A new COVID-19 test can return results in 5 minutes
A new COVID-19 test from the medical device company Abbott can return positive results in five minutes — and it can be run in a doctor’s office. The test was approved for emergency use in the United States by the Food and Drug Administration last night. The test uses Abbott’s small, portable ID NOW platform, and doesn’t have to be sent to a central lab for analysis. Instead, it can be done directly in an emergency room or urgent care clinic, which could cut down on the days-long wait time some patients now face for test results.

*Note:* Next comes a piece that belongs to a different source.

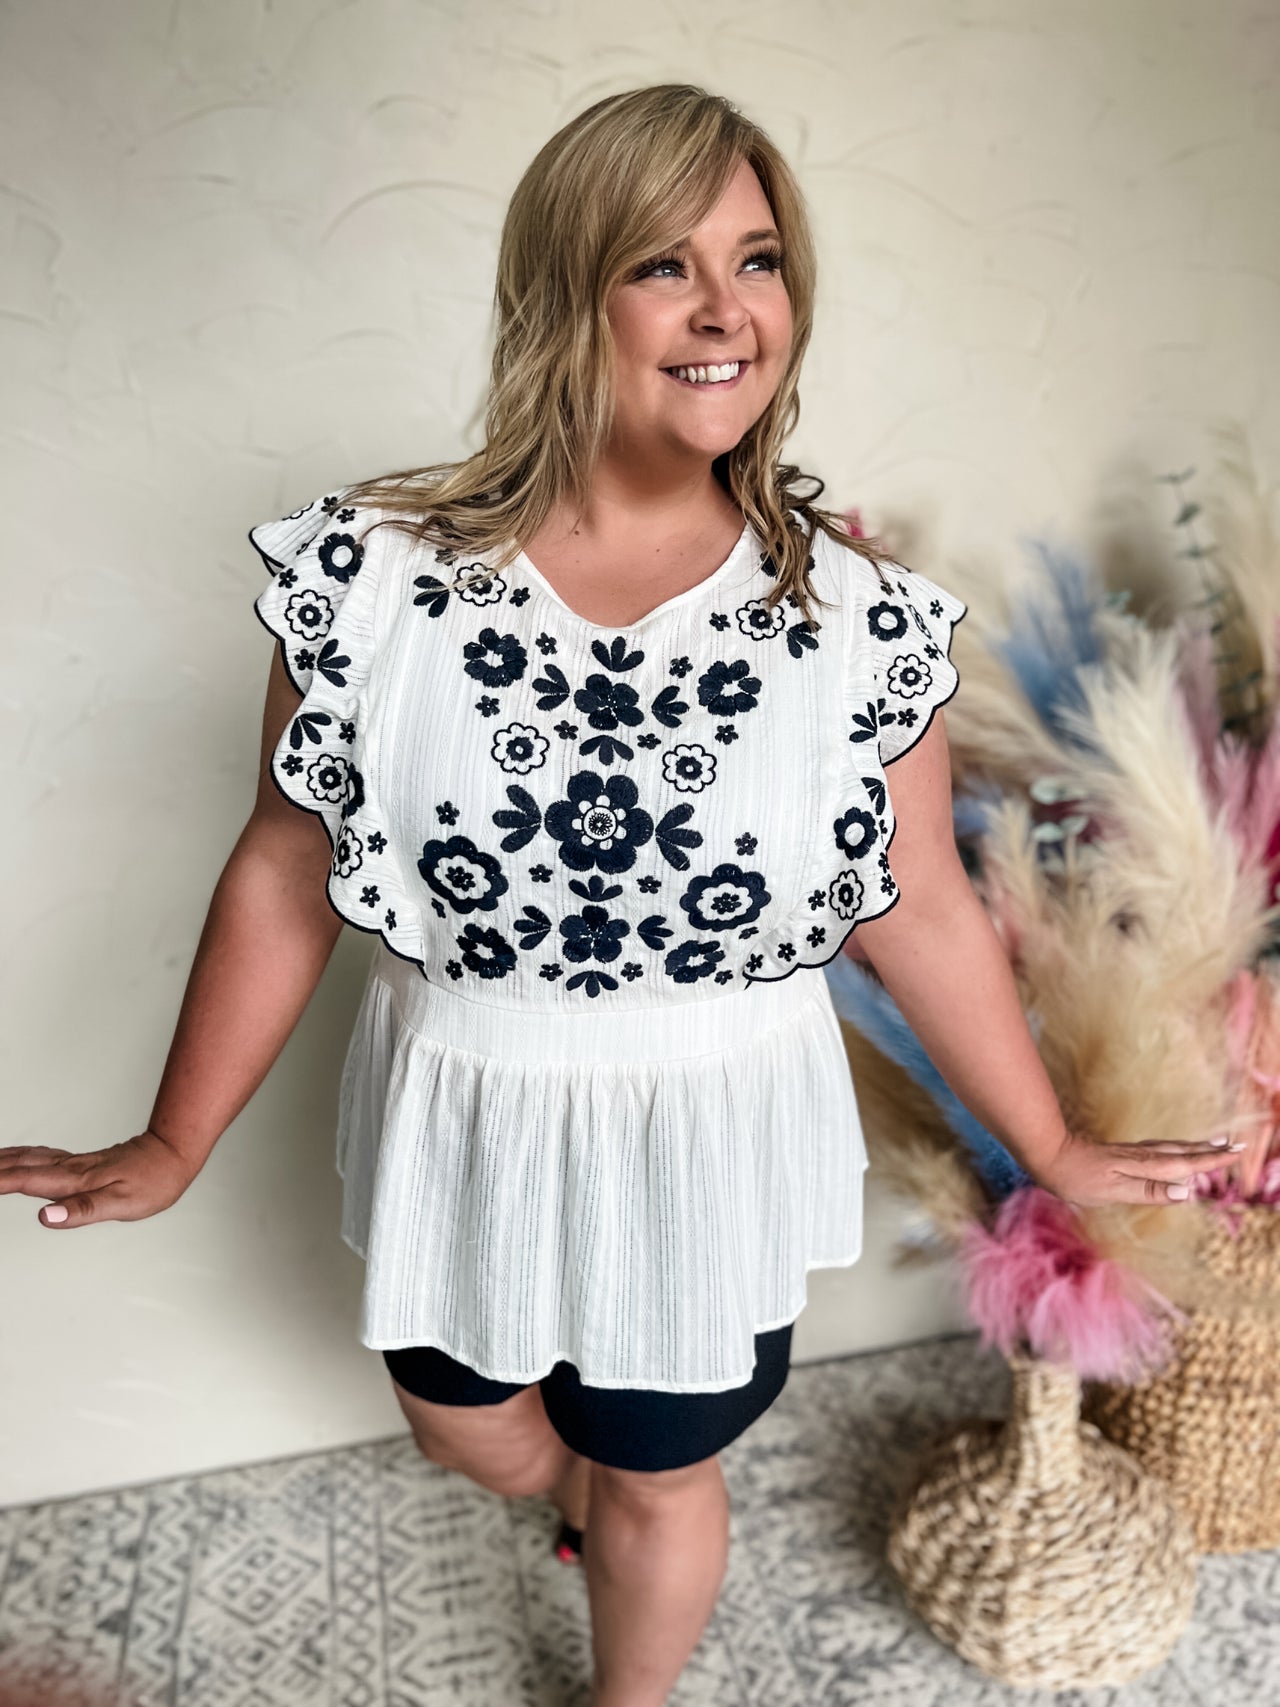 Seeing Black & White Floral Embroidered Top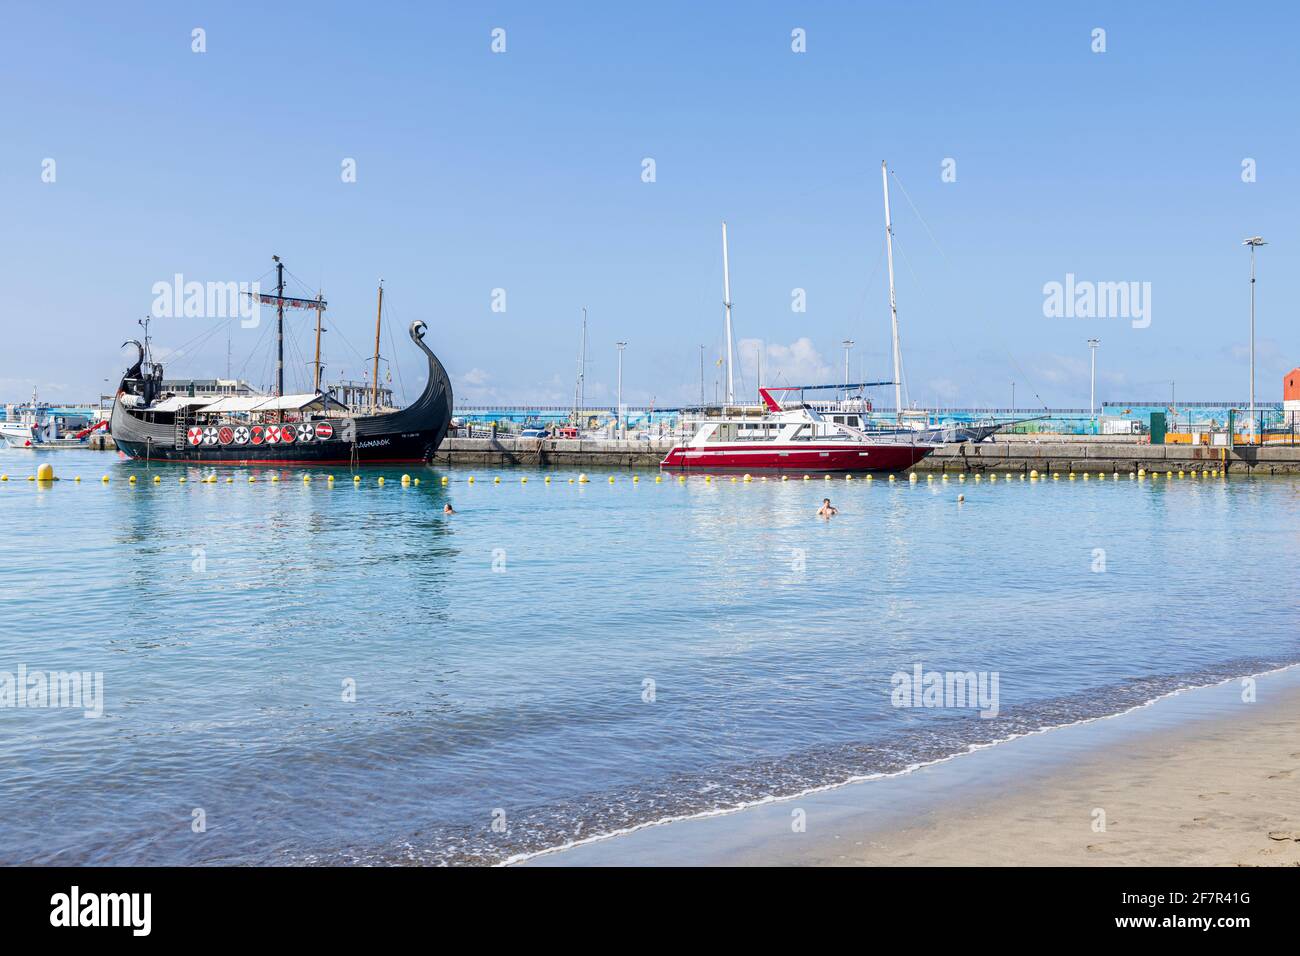 Viking boat in the harbour at Los Cristianos beach, Tenerife, Canary Islands, Spain Stock Photo

Doctors could take a swab from a patient’s nose or throat and insert it directly into the machine, and have results within 15 minutes (it can take up to 13 minutes if the sample is negative for the virus). This is GAME CHANGER. Abbott to market, starting next week, a fast point-of-care #coronavirus test, delivering positive results in 5min and negative results in 13min. Will deliver 50K tests/day to start.
Kudos to Abbott and FDA’s Jeff Shuren and team at CDRH who are in the fight. “With rapid testing on ID NOW, healthcare providers can perform molecular point-of-care testing outside the traditional four walls of a hospital in outbreak hotspots,” said Robert B. Ford, president and chief operating officer of Abbott, in a press release. This is the second point-of-care test for COVID-19 approved by the FDA.

The first, from the biotechnology company Cephid, takes 45 minutes. That test is primarily intended for emergency rooms and hospitals, not for doctors’ offices or urgent care clinics. Tests that give doctors answers quickly are critical during disease outbreaks, because they can help them know how much protective equipment they need to wear when they’re interacting with a patient, where in a hospital to send them, and what sort of care to provide. Tests done in a doctor’s office can also help diagnose patients with mild or asymptomatic cases of COVID-19, and help stop them from unknowingly spreading the virus.
The Abbott test works differently than the types of tests that have been the standard in the US during the pandemic. Normally, a patient sample gets sent to a lab so it can be processed using a method called PCR, which searches for tiny bits of coronavirus genetic material. For PCR to work, the sample has to be repeatedly cycled up to a high heat and then back down again. The Abbott test also looks for virus genetic material, but it works at one single temperature.